Nuance, percepção, interação e contexto fazem com que seja irrelevantemente igual se a estrada seja igual mas caminhada de forma diferente ou diferente mas caminhada de forma igual.
As interacções das diferentes personagens relegam-nas a encarar o que de bom, mau, menos bom e mais mau no meio envolvente fazem da estrada. Optar é caminhar. Optar por não caminhar é avanço. Não é cinético, não é vectorial, mas é avanço. Optar por recuar é um avanço. Talvez a finalidade em recuar é diferente da finalidade em avançar, mas ambas caminham para um fim. Finalidade e fim são distintos. Uma é projectada e outro é atingido.
Não obstante, impelem-se a algo, propõem-se algo, caminham para algo mesmo que por algo a evitar algo.
Enredo: “mundo pós-apocalíptico, homem defende rapaz enquanto viajam lentamente até ao mar”.
O que pode ser um exercício reflexivo, exploratório e análogo às vidas de cada ideal par de olhos que o visualize, tem, absorto disso, uma história em que dois indivíduos em sinergia caminham para um objectivo em comum, lidando com os obstáculos do caminho, crescendo e fortalecendo-se e aos que lhes prestam auxílio, por forma a satisfazer o objectivo.

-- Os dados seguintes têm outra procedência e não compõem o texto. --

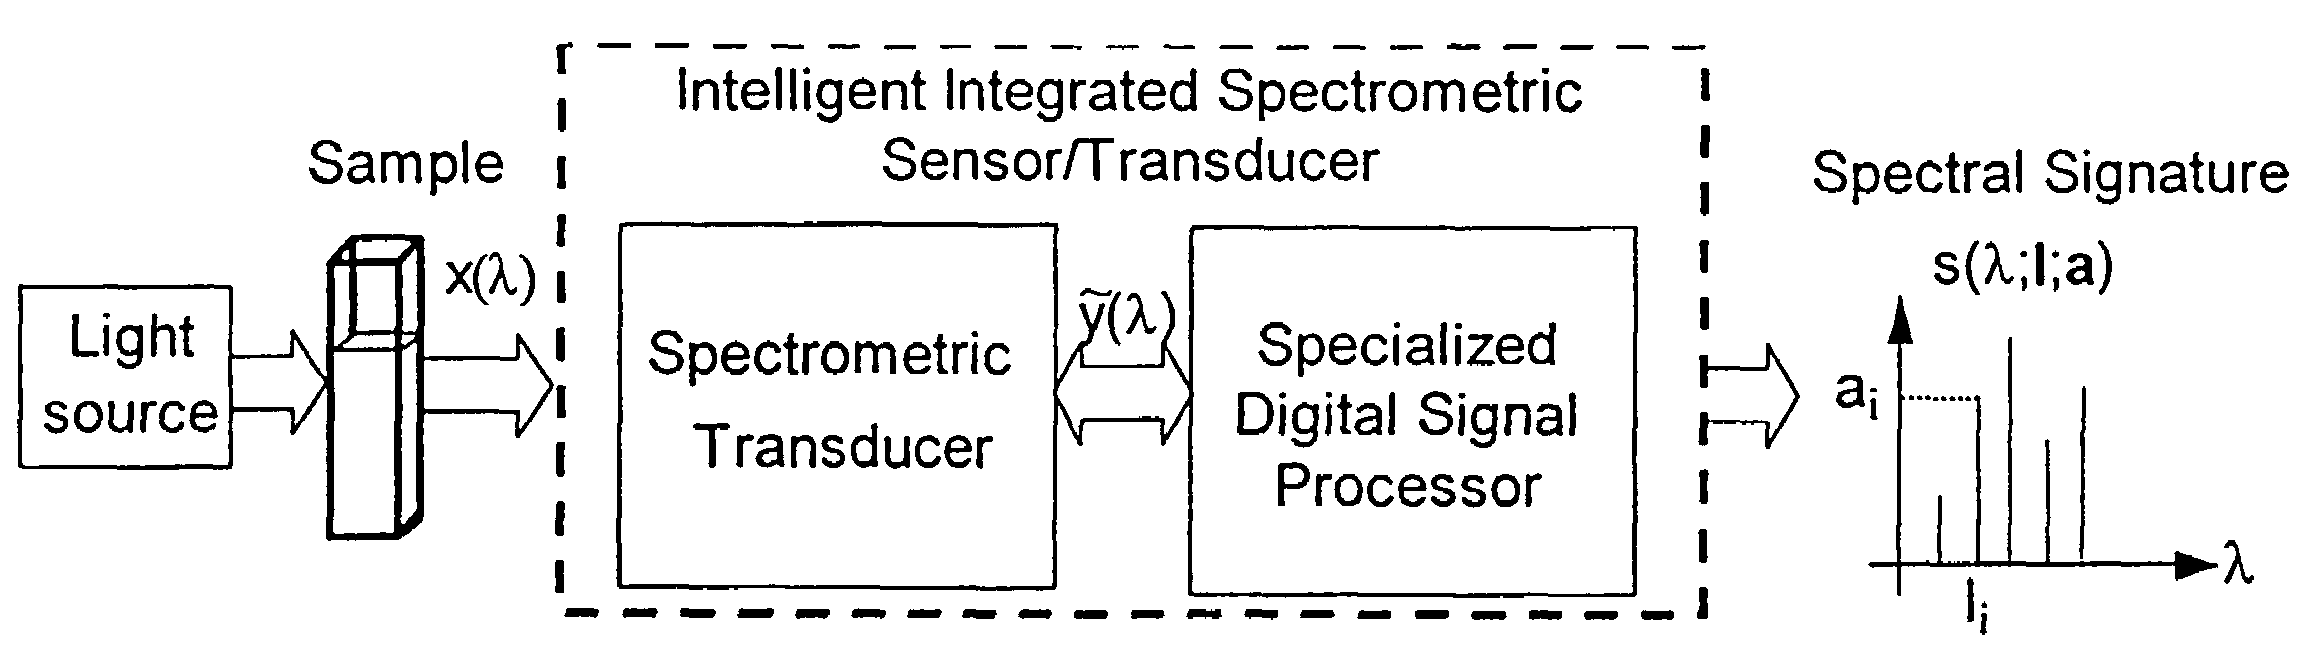 Apparatus and method for light spectrum measurement

Há de tudo o que se pode extrair neste filme. A observação da condição humana face a uma adversidade transversal a todos, dentro das suas individualidades e como estas se relacionam em conflito, cooperação, persistência de individualidade e superação ou recuo, um thriller tenso de um homem e um rapaz contra um mundo fragmentado, até onde está um pai disposto a ir para proteger o seu filho e levá-lo a bom-porto.
Filmografia: minimalismo, abandono, desmazelo, tensão, opacidade, amplitude, slow-burn.

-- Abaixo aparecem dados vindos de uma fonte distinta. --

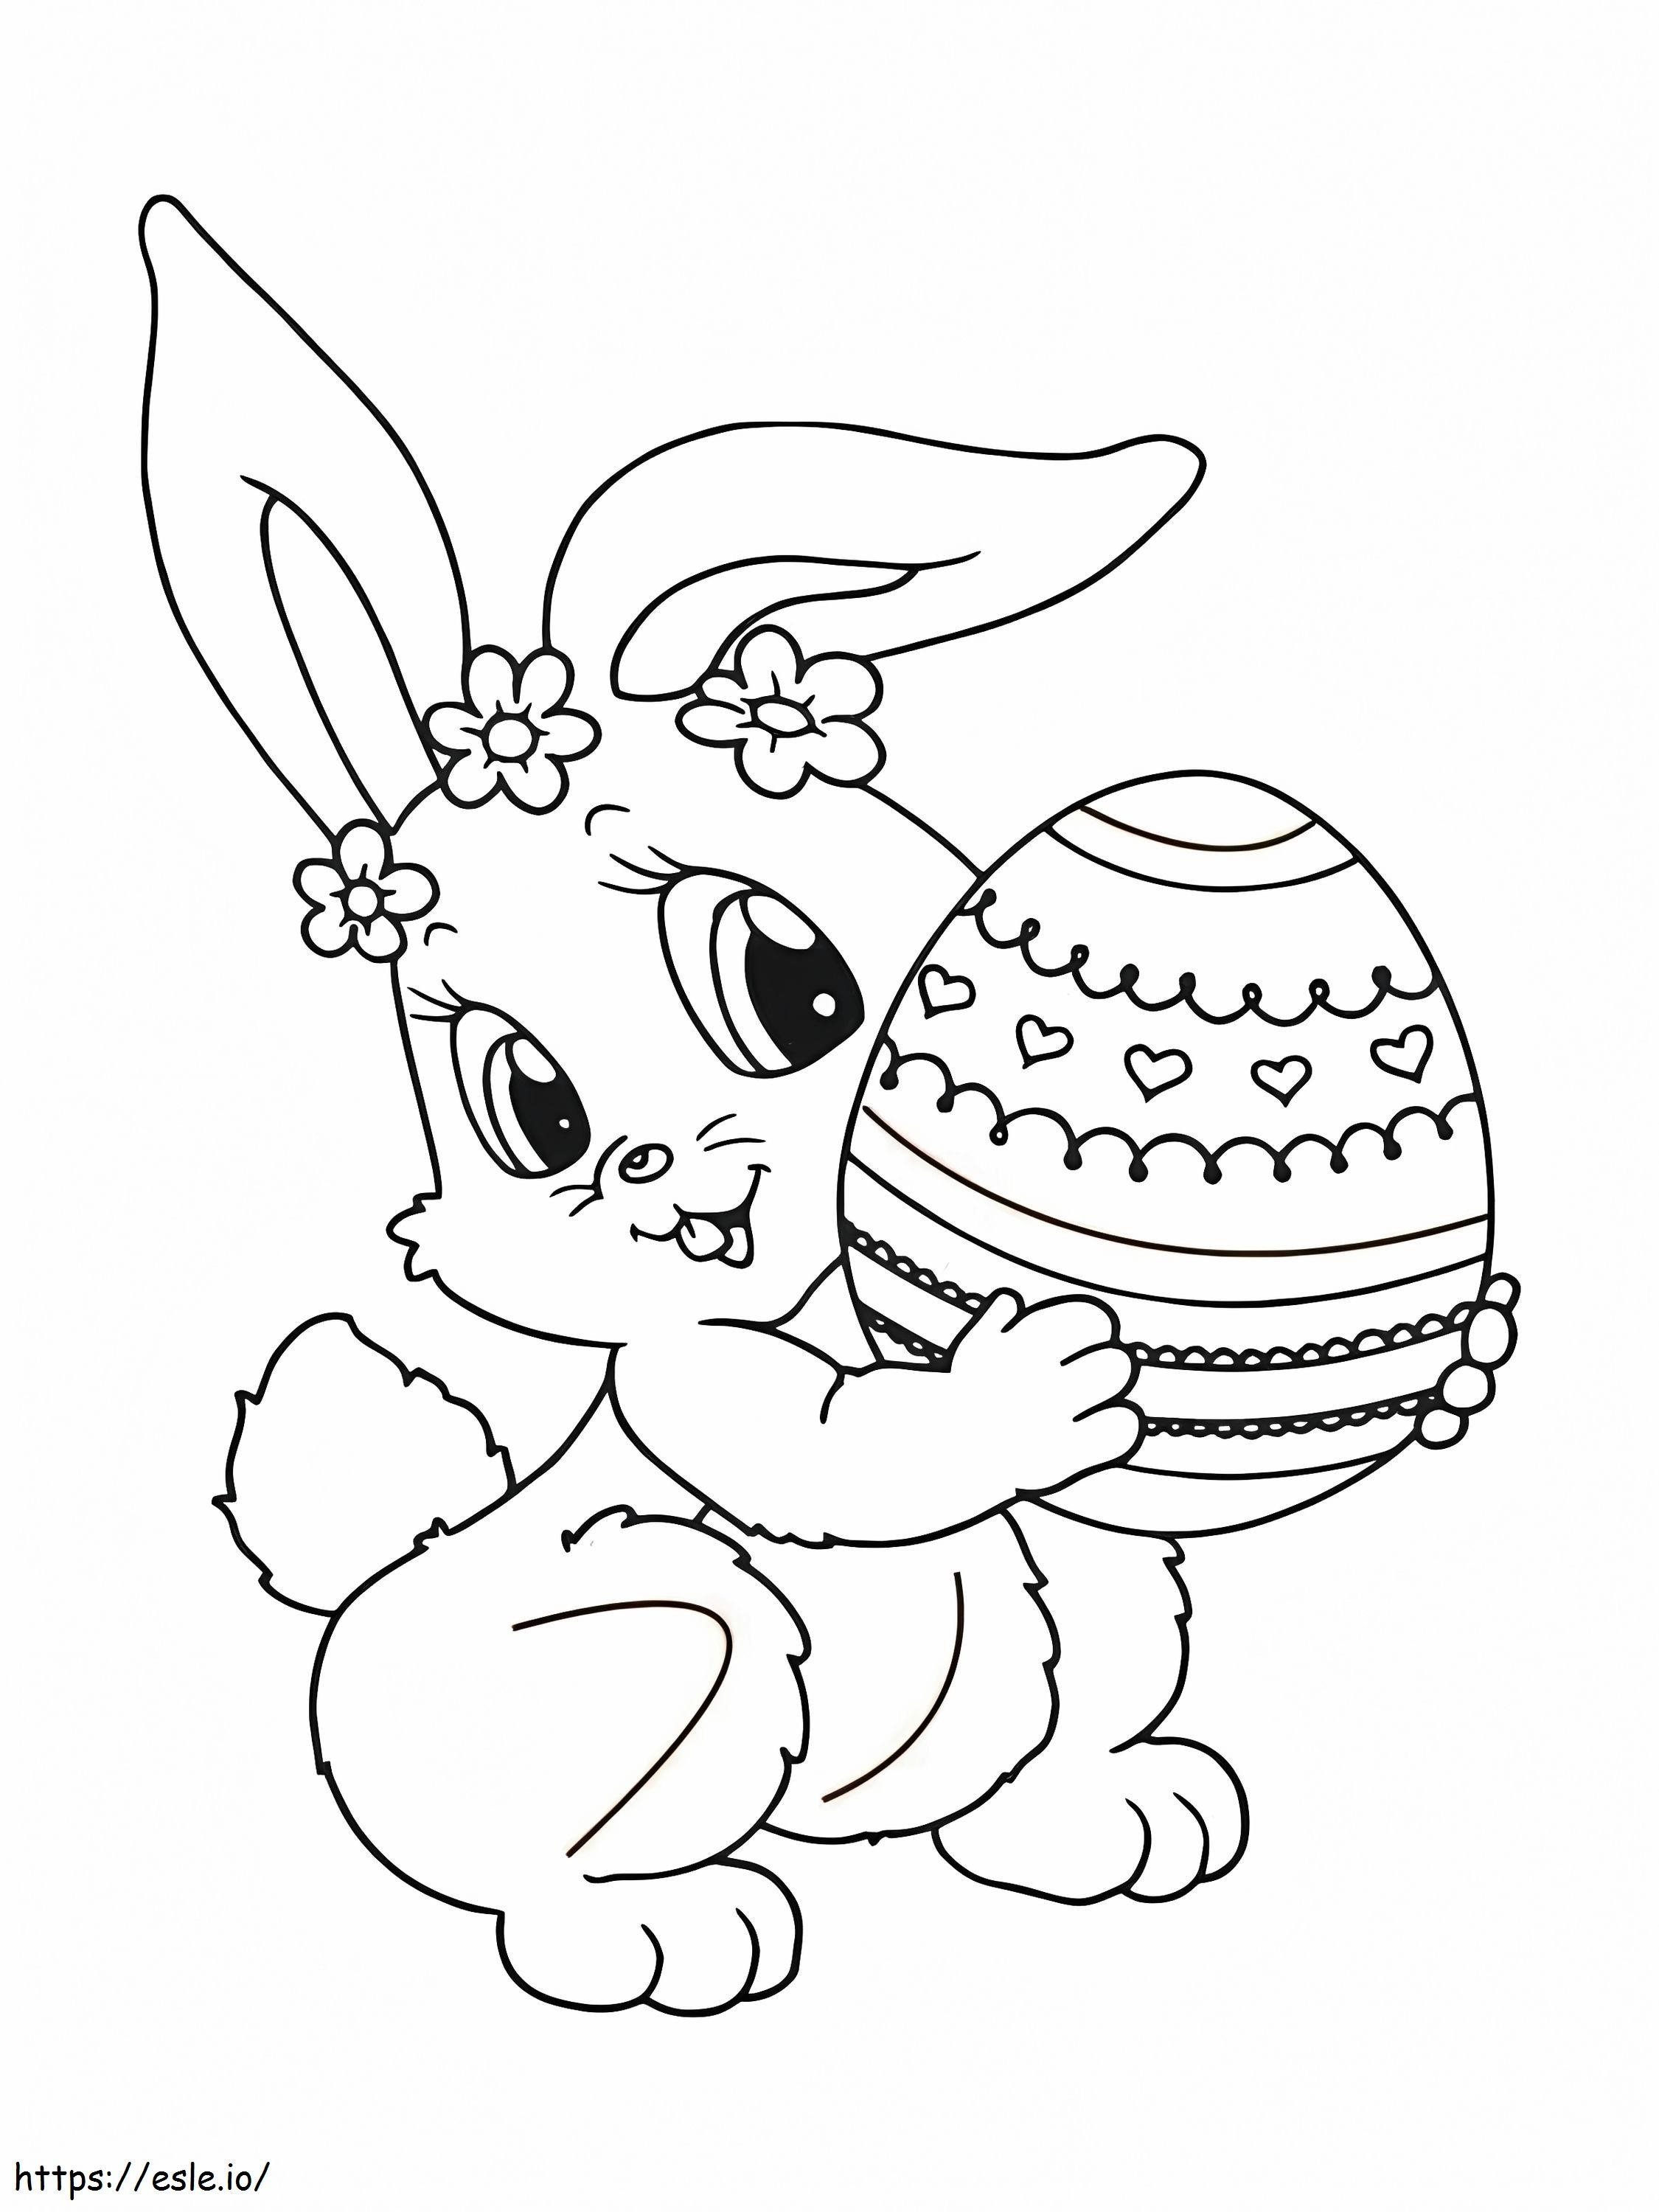 Simpatico coniglietto di Pasqua e uovo 2 da colorare

A desolação pode ser captada por diferentes formas. A optada aqui foi o minimalismo. Menos é mais. Há apelo aos sentidos quando se tenta captar e encapsular o nada. Um nada inorgânico, mas natural de displicência das infraestruturas. O tom sépia e castanho dominante por toda a paisagem e luminosidade que pautam os ambientes claros e escuros contribuem para uma ferrugem atmosférica que nos torna observadores de uma biosfera degenerada em que os organismos vivos se digladiam por adiar os seus fins.

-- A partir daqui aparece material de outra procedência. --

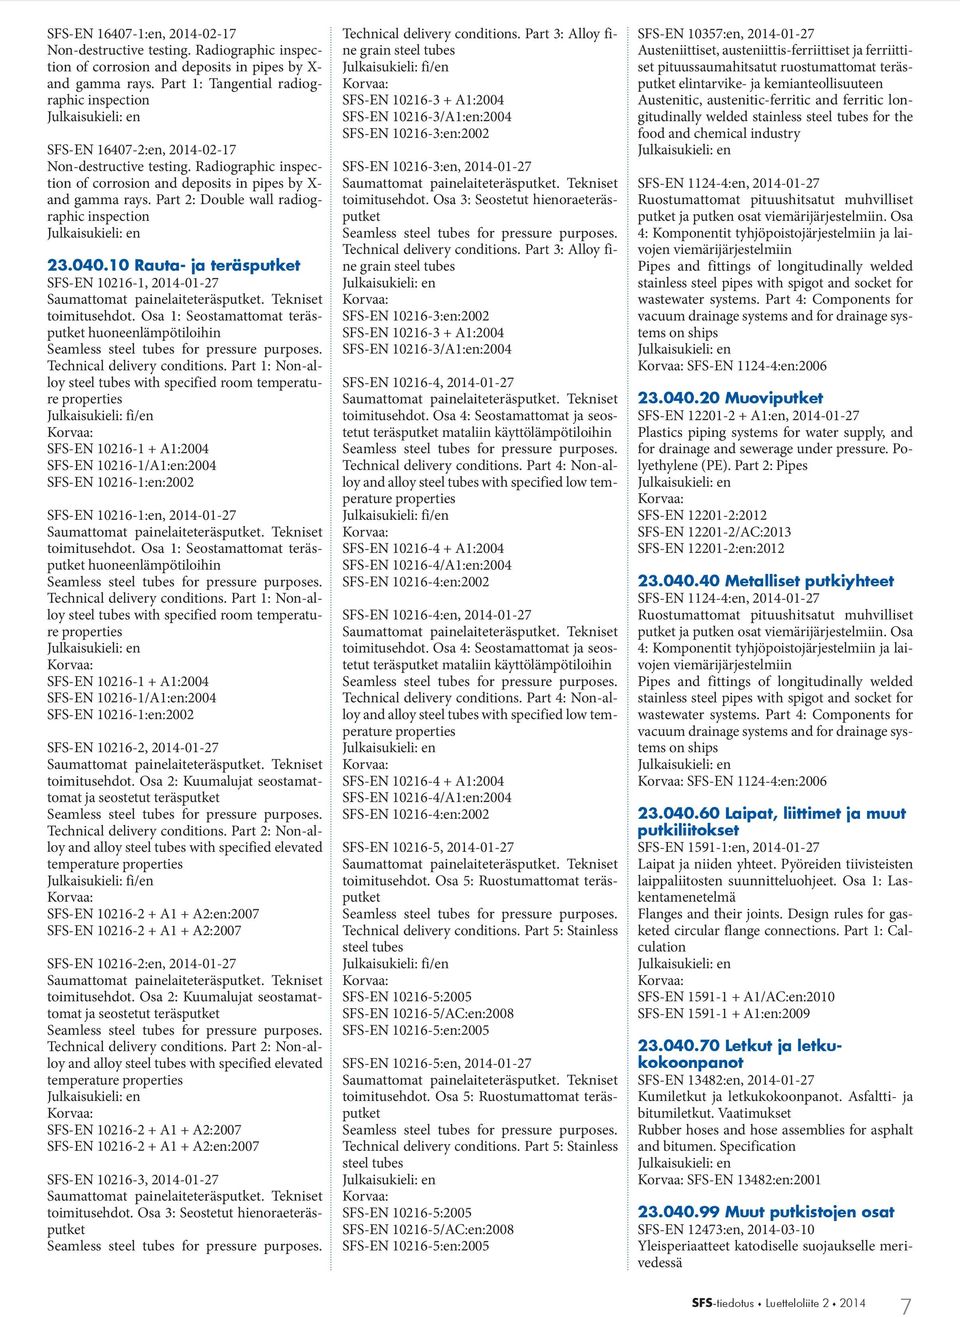 Part 2: Double wall radiographic inspection 23.040.10 Rauta- ja teräsputket SFS-EN 10216-1, 2014-01-27 toimitusehdot.

Sonoplastia: ambiente, opacidade
Como captar sonoramente o nada é algo de tão elementar como de delicado, uma das formas mais utilizadas é casar silêncio com algum white-noise ou frequências baixas que dão fundo ao corpo sonoro e planos abertos ou sequências sem movimento.
The Road faz disto, mas não procura ser pesado de ponta a ponta e indiscriminadamente calado ou quieto. Há disso. Há elementos sonoros que adensam o coração do filme, há música para diferentes temperaturas e emoções.
The Last of Us é uma gota no oceano que costeia o destino de Homem e Rapaz. Mais respeito, por favor. Para todo o ícone, há um Pai.